Provided material —
··········
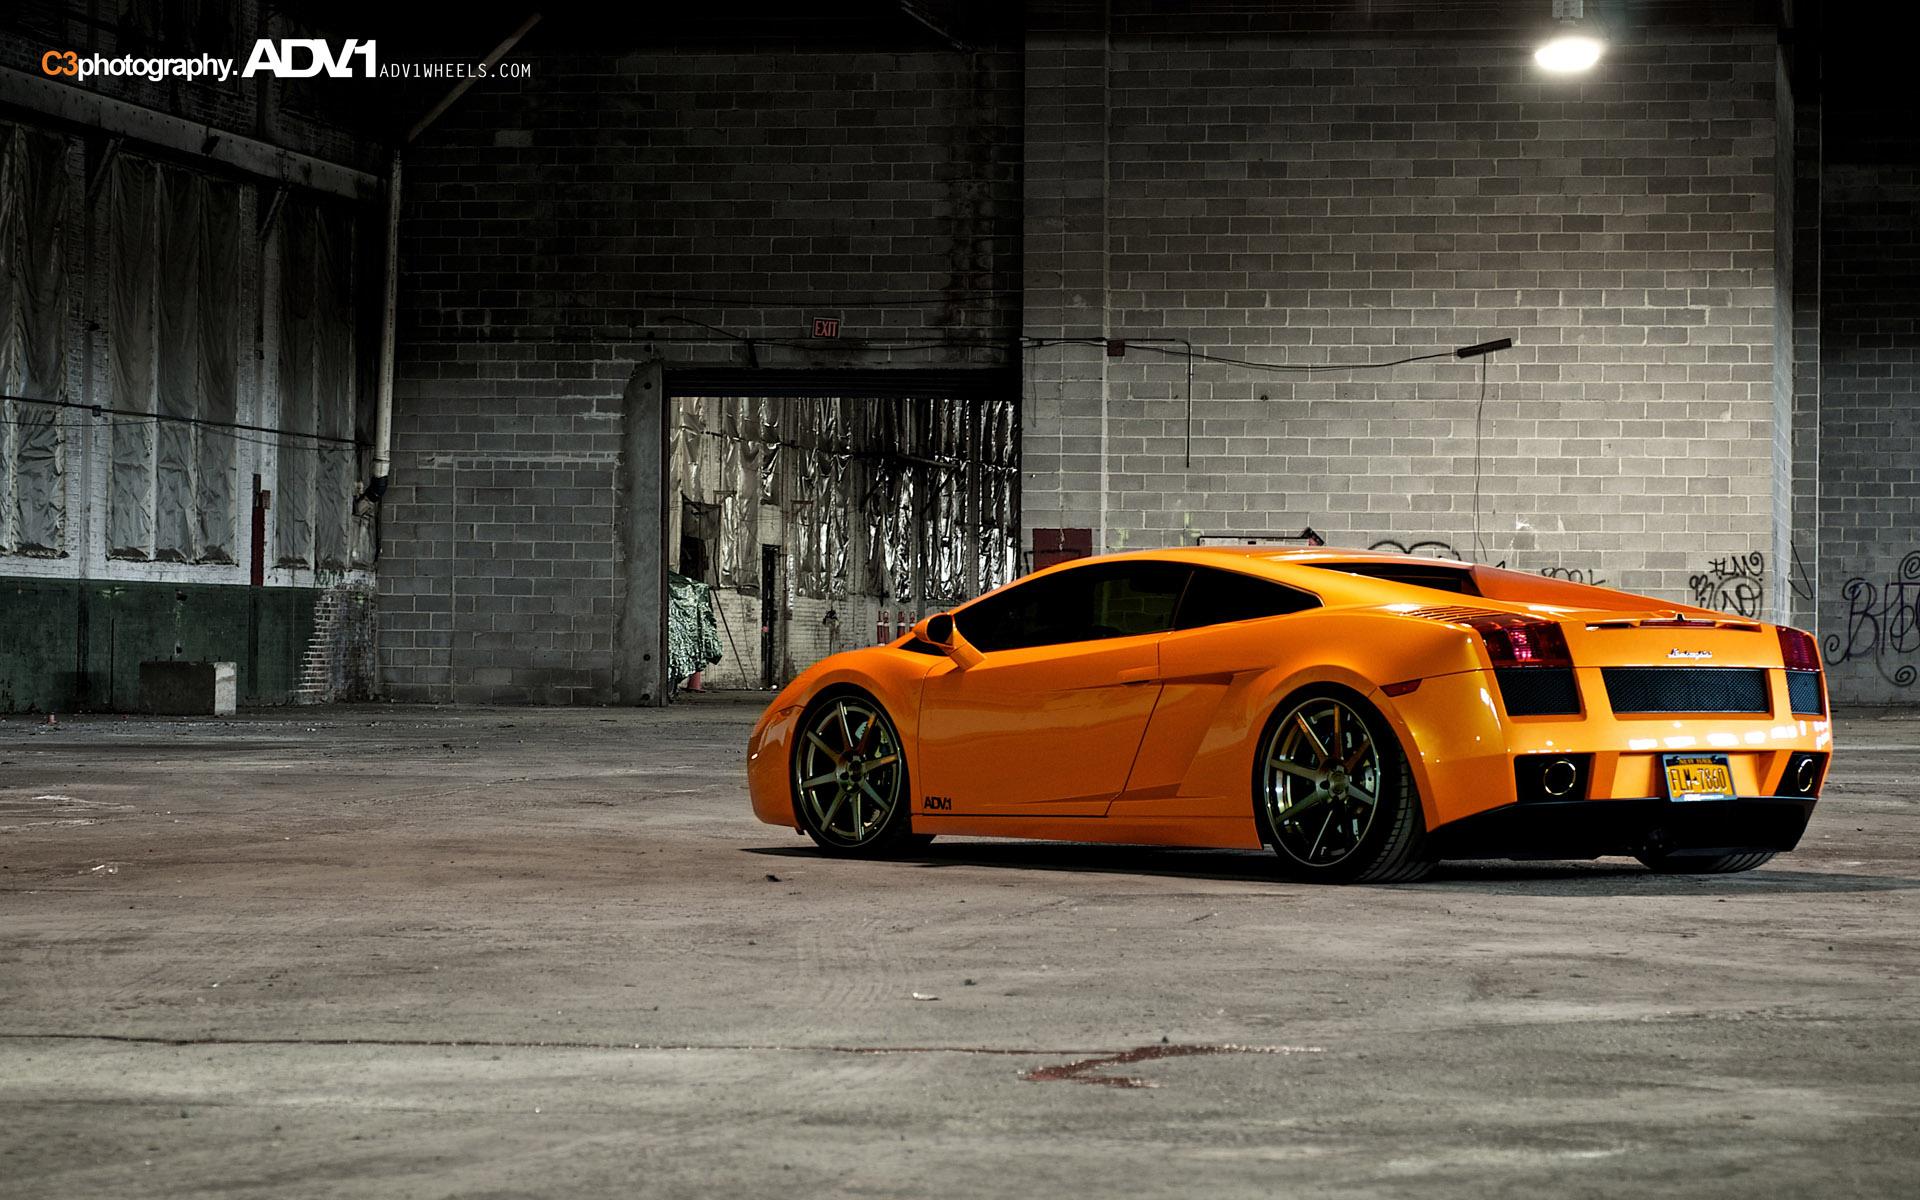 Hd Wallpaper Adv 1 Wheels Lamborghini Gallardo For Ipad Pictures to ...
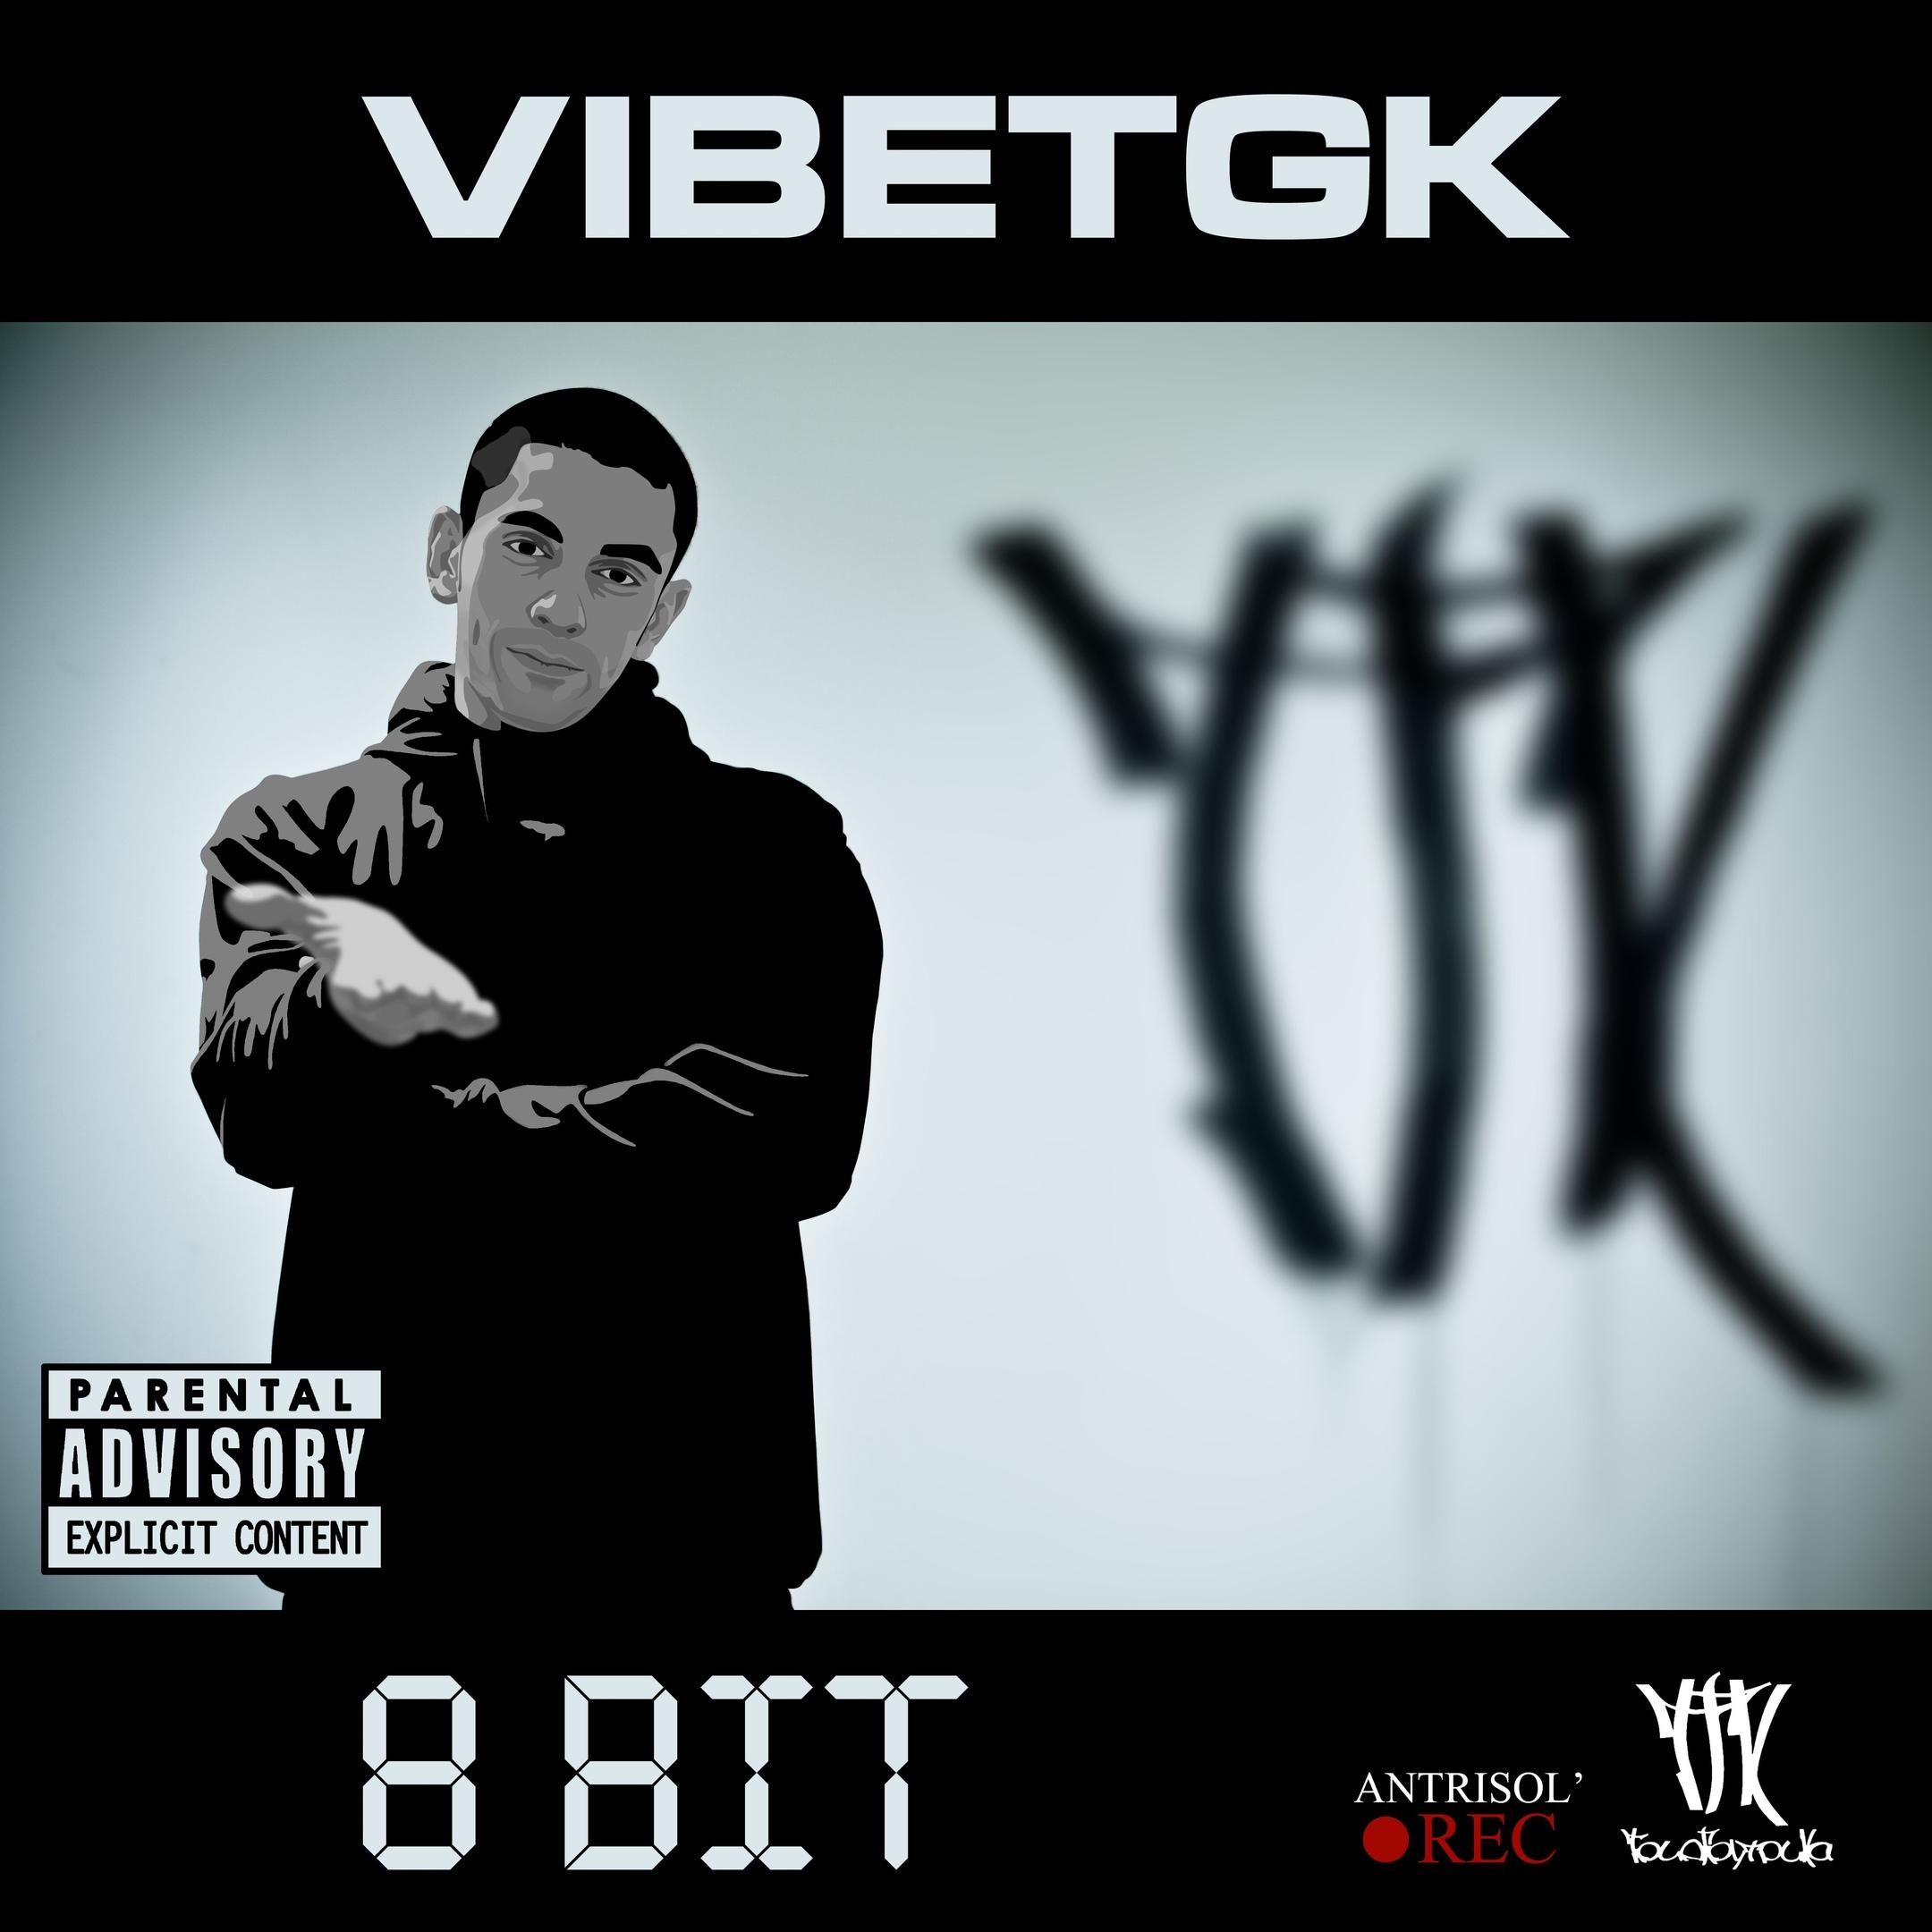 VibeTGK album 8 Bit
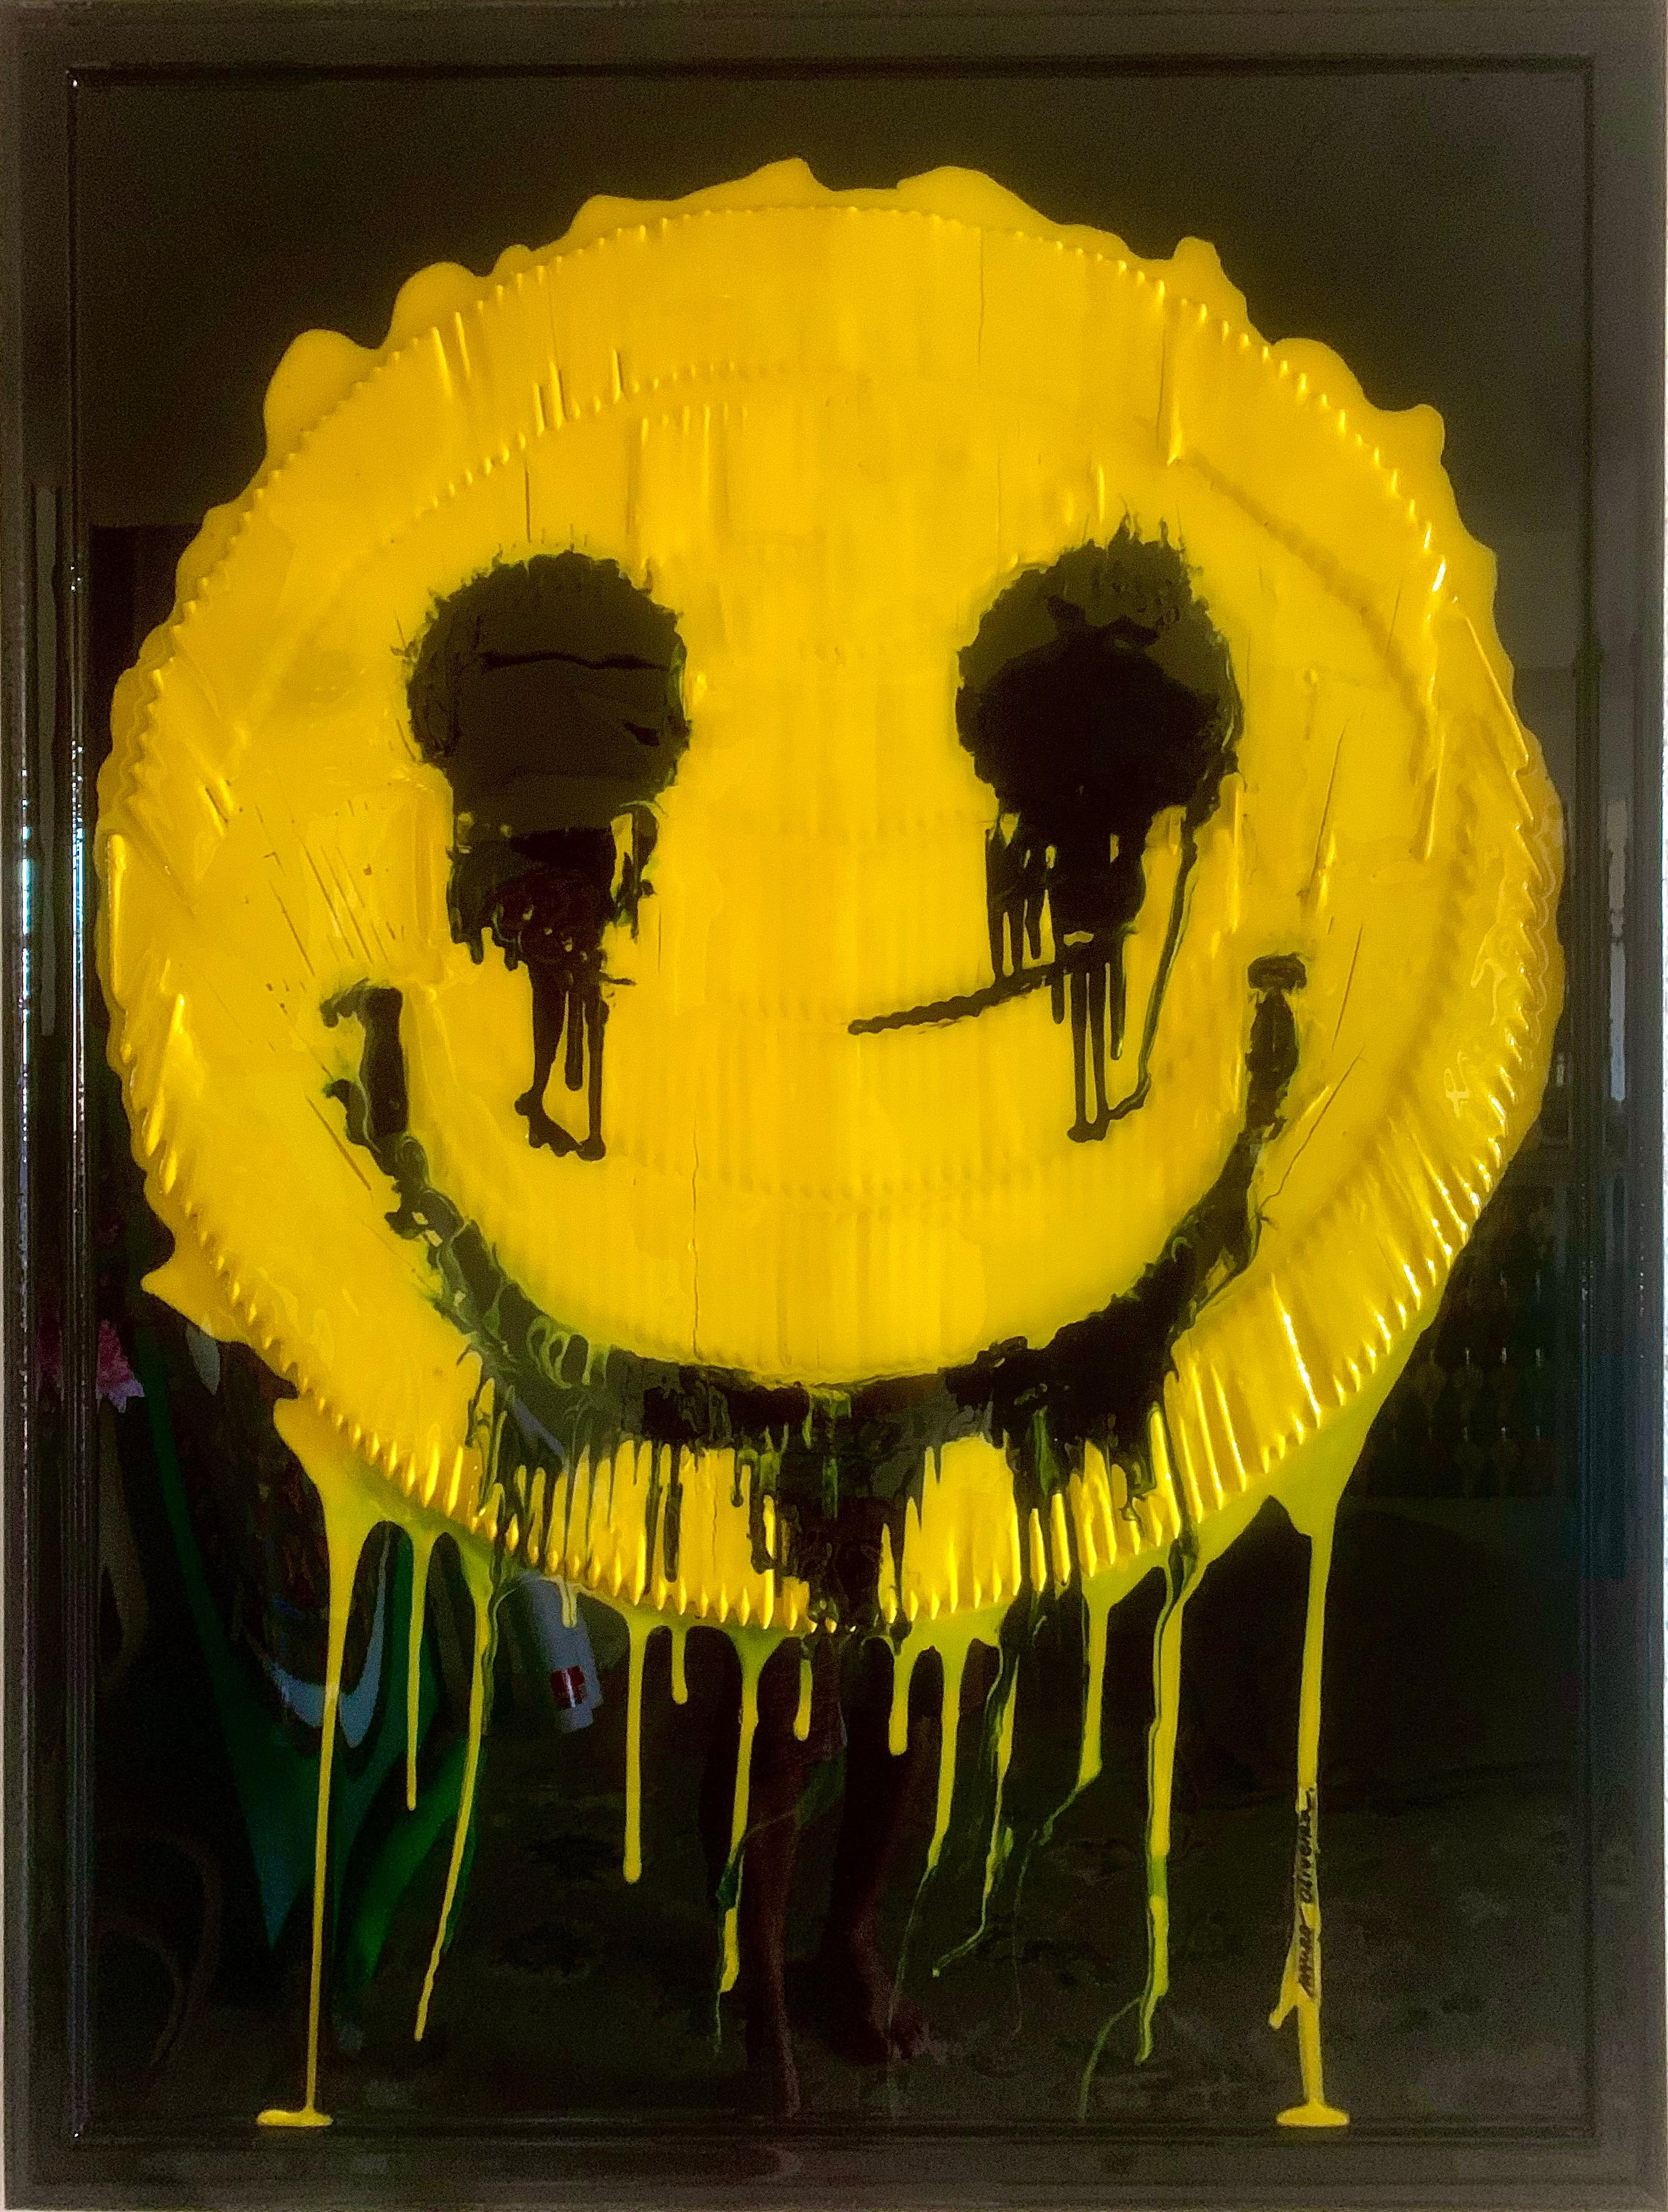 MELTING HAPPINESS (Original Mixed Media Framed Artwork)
··········
Quote the listing above in full, except for the pictures.

Answer below —
 Hd Wallpaper Adv 1 Wheels Lamborghini Gallardo For Ipad Pictures to ...
 VibeTGK album 8 Bit
 MELTING HAPPINESS (Original Mixed Media Framed Artwork)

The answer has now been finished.